Perhaps most startling is “Ring them Bells” which appeared in a fine version on Oh Mercy as a spiritual lament, all cool and calm. This live version from 1993 couldn’t be more different. It's joyous and heartfelt. Throughout the song a group of men can be heard screaming “yeah!” “all right!”, like a hallelujah from a spiritual. And Dylan takes all those screams and ratchets up his intensity until he's nearly screaming.

It reminded me of this interview he gave in 1997:

Here's the thing with me and the religious thing. This is the flat-out truth: I find the religiosity and philosophy in the music. I don't find it anywhere else. Songs like "Let Me Rest on a Peaceful Mountain" or "I Saw the Light"—that's my religion. I don't adhere to rabbis, preachers, evangelists, all of that.
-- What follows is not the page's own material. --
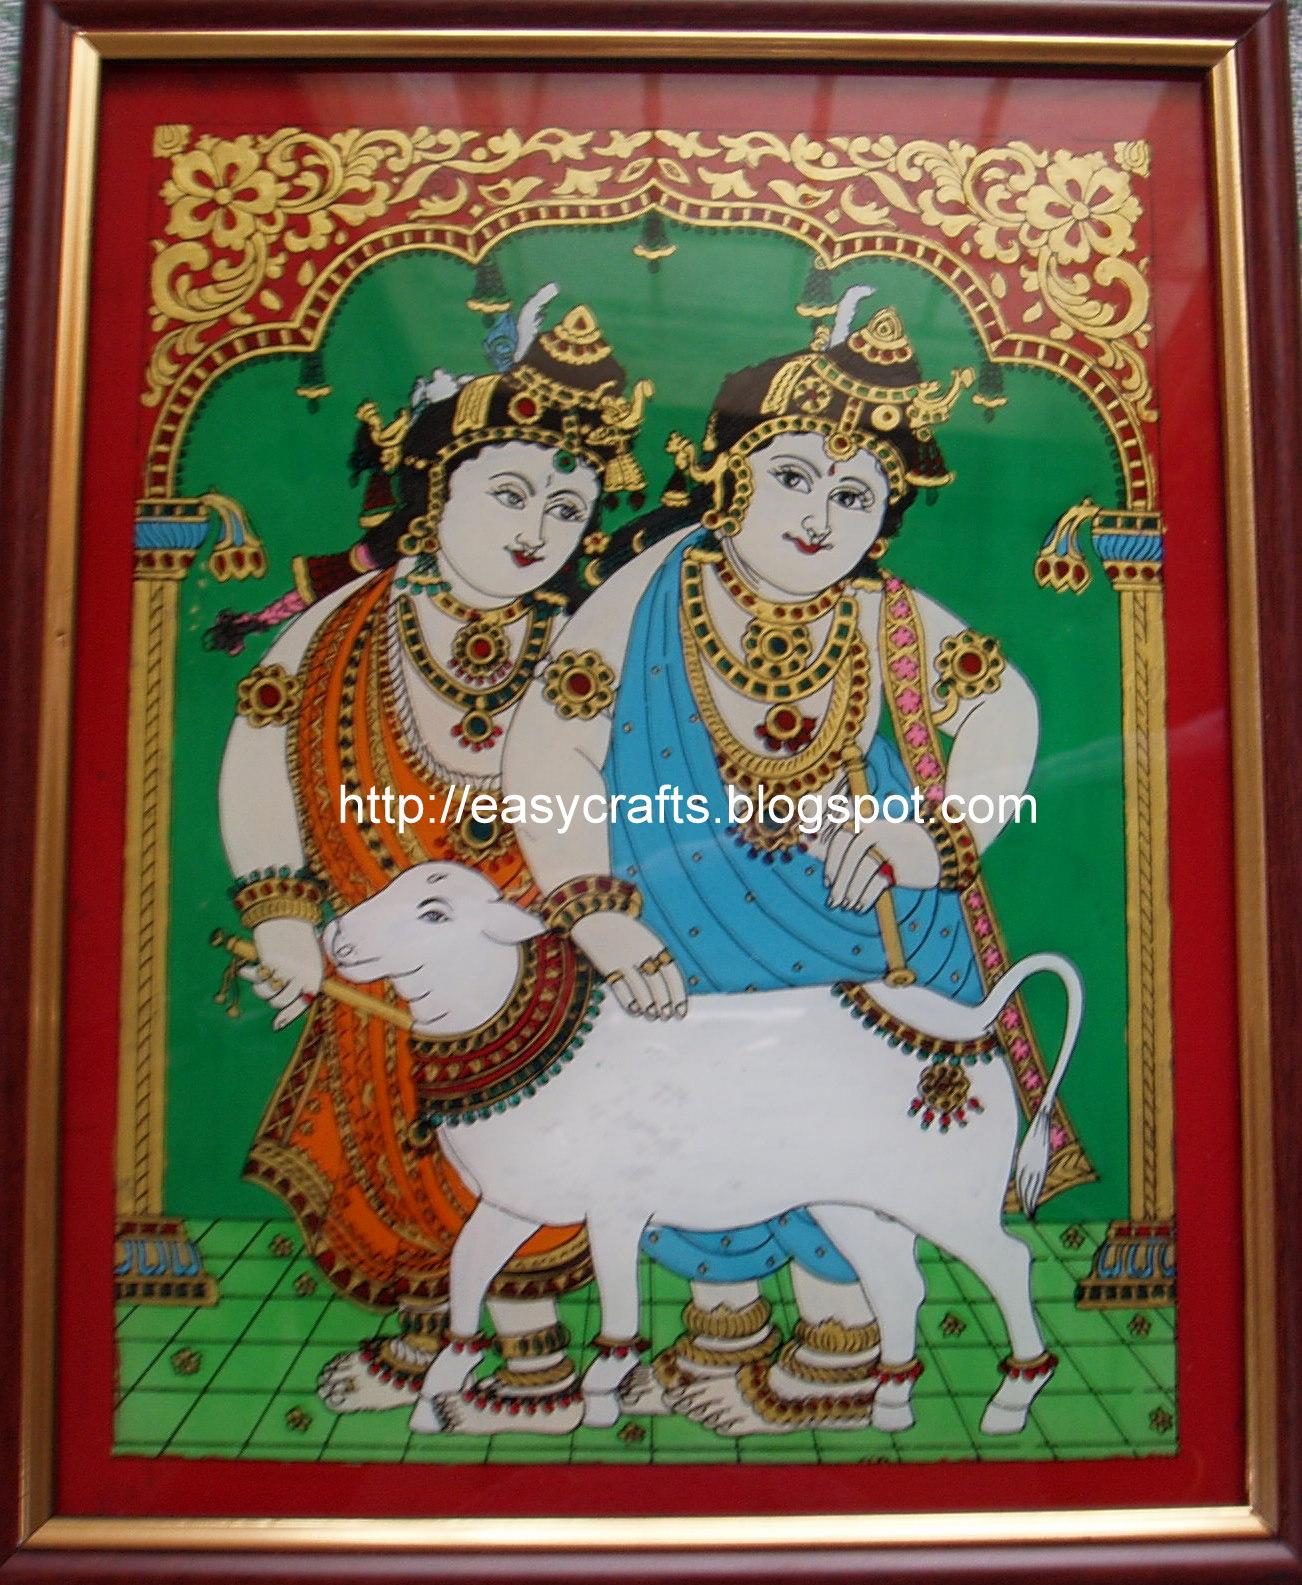 http://1.bp.blogspot.com/-8zFs6EmAQzE/TuS_63n1V_I/AAAAAAAAAFQ/sGUtnyh34Us/s1600/Radha-Krishna-with-cow.JPG

I've learned more from the songs than I've learned from any of this kind of entity. The songs are my lexicon. I believe the songs.

That’s the kind of shit the Dylan stirs up on a daily basis in my life. It’s the kind of sentiments that never get old and never stop improving no matter where I'm living at the moment.


Michael said...

Ohhhhh are we counting dylan bootlegs? Shit. Would that mean that Belle and Sebastian BBC sessions would also count? Are you guys going to disrespect me for omitting Vampire Weekend/MGMT/TVOTR?

medina said...

Dammit, I really tried with No Age, I did, but I couldn't get into it. And I love distortion, you know this, I guess I just more like Smashing Pumpkins Mellon Collie distortion rather than fuzz.

Nick said...

Is that Belle and Sebastian BBC album good? I could see myself getting lost in that for a month.

Michael said...

I mean, it's Belle and Sebastian. So yes I love it.